# word2vec: The foundation of NLP

Friday, July 27, 2018

Natural Language Processing deals with the task of making computer understand the human language. The computer understands only 0s and 1s. A language consists of words. So, the first task is to convert word into a combination of 0s and 1s. This is easy. But, a word is nothing without its meaning. Hence, the task we need to solve is to represent the meaning of a word.

## Representing words as discrete symbols

One solution to this problem is to use one-hot vector. For example, in the sentence, “I love machine learning”, the word machine can be represented as [0, 0, 1, 0] where 1 corresponds to machine. In the same way, we can represent other words such as learning, [0, 0, 0, 1].

The problem with this approach is that the combination of words has no meaning i.e. to match “machine learning” in a given document. we have got two separate vectors of machine and learning, which unfortunately are orthogonal. Thus, such a search will not yield any result. That is, there is no notion of similarity for one-hot vectors.

## Representing words by their contexts

The core idea in this approach is that the words are represented by the context they have i.e. a word’s meaning is given by the words that frequently surrounds it.

word2vec1 is a model for learning word vectors.

While talking about word2vec, we focus on two model variants:

• Skip-grams (SG): Predict context words (position independent) given center word
• Continuous Bag of Words (CBOW): Predict center word from (bag of) context words

Every word in vocabulary is represented by a vector. In Skip-gram model, we use the similarity of word vectors to calculate the probability of a word being context word. The word vectors are adjusted to maximize this probability.

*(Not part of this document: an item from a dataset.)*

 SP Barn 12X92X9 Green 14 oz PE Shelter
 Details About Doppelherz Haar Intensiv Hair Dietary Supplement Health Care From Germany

The below figure demonstrates example windows and process for computing $P(w_{t+2} \mid w_t)$. We can implement word2vec model in python:

## Word embeddings

The word vectors, discussed above, are called embeddings (encoding words to numbers) and are learnt in the same way as other hyperparameters in a neural network.

word embeddings are a representation of the semantics of a word, efficiently encoding semantic information that might be relevant to the task at hand.

While designing neural networks, an embedding layer is used. The word2vec model such as CBOW is used to learn word embeddings. Instead of learning the embeddings every time in a network, these pretrained embeddings (already learnt using word2vec) can be used to initialize the embeddings of the network.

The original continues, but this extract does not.